Chivers D J, Hladik C M
J Morphol. 1980 Dec;166(3):337-86. doi: 10.1002/jmor.1051660306.
Three categories of dietary adaptation are recognized--faunivory, frugivory, and folivory--according to the distinctive structural and biochemical features of animal matter, fruit, and leaves respectively, and the predominance of only one in the diets of most species. Mammals subsisting mainly on animal matter have a simple stomach and colon and a long small intestine, whereas folivorous species have a complex stomach and/or an enlarged caecum and colon; mammals eating mostly fruit have an intermediate morphology, according to the nature of the fruit and their tendency to supplement this diet with either animal matter or leaves. The frugivorous group are mostly primates: 50 of the 78 mammalian species, and 117 of the 180 individuals included in this analysis are primates. Coefficients of gut differentiation, the ratio of stomach and large intestine to small intestine (by area, weight, and volume), are low in faunivores and high in folivores; the continuous spread of coefficients reflects the different degrees of adaptation to these two dietary extremes. Interspecific comparisons are developed by allowing for allometric factors. In faunivores, in which fermentation is minimal, the volume of stomach and large intestine is related to actual body size, whereas these chambers are more voluminous in larger frugivores and mid-gut fermenting folivores; fore-gut fermenters show a marked decrease in capacity with increasing body size. Surface areas for absorption are related to metabolic body size, directly so in frugivores; area for absorption is relatively less in larger faunivores and more in large folivores, especially those with large stomachs. Indices of gut specialization are derived from these regressions by nonlinear transformation, with references to the main functional features of capacity for fermentation and surface area for absorption. These are directly comparable with the dietary index, derived from quantitative feeding data displayed on a three-dimensional graph, with all species within a crescentic path from 100% faunivory through 55--80% frugivory to 100% folivory, perhaps illustrating, at least for primates, the evolutionary path from primitive insectivorous forms through three major ecological grades.

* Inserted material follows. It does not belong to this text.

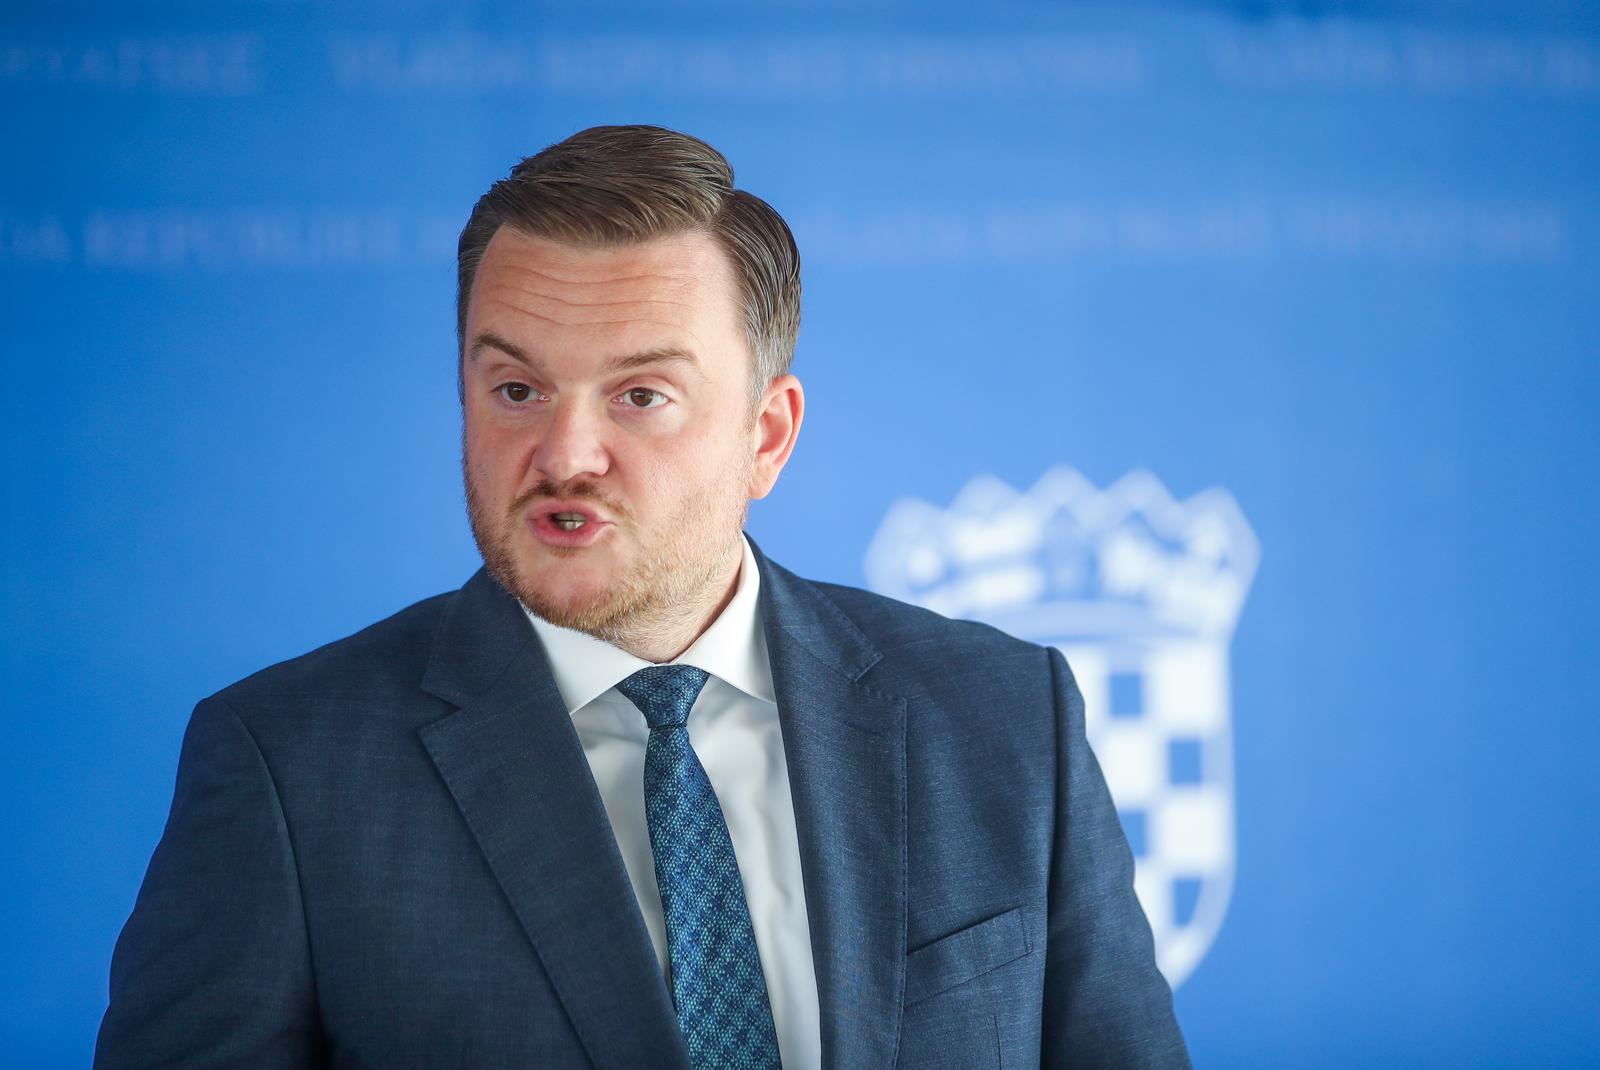  Ministar financija Marko Primorac

根据动物类食物、水果和树叶各自独特的结构和生化特征,以及大多数物种饮食中仅以其中一种为主的情况,可识别出三类饮食适应性——食虫性、食果性和食叶性。主要以动物类食物为生的哺乳动物有一个简单的胃和结肠以及一条长长的小肠,而食叶性物种有一个复杂的胃和/或一个扩大的盲肠和结肠;根据水果的性质以及它们用动物类食物或树叶补充这种饮食的倾向,以水果为主食的哺乳动物具有中间形态。食果性群体大多是灵长类动物:在此次分析涵盖的78种哺乳动物中,有50种是灵长类动物,在180个个体中有117个是灵长类动物。肠道分化系数,即胃和大肠与小肠的比例(按面积、重量和体积计算),在食虫动物中较低,在食叶动物中较高;系数的连续变化反映了对这两种极端饮食的不同适应程度。种间比较是通过考虑异速生长因素来进行的。在发酵作用最小的食虫动物中,胃和大肠的体积与实际体型相关,而在体型较大的食果动物和中肠发酵的食叶动物中,这些腔室的体积更大;前肠发酵动物的容量随着体型增大而显著减小。吸收面积与代谢体型相关,在食果动物中是直接相关;在体型较大的食虫动物中,吸收面积相对较小,在大型食叶动物中则较大,尤其是那些胃大的食叶动物。肠道特化指数是通过对这些回归进行非线性变换得出的,参考了发酵能力和吸收面积的主要功能特征。这些指数可直接与饮食指数进行比较,饮食指数是根据在三维图上显示的定量摄食数据得出的,所有物种都处于从100%食虫性到55 - 80%食果性再到100%食叶性的新月形路径内,这或许至少对灵长类动物而言,说明了从原始食虫形态经过三个主要生态等级的进化路径。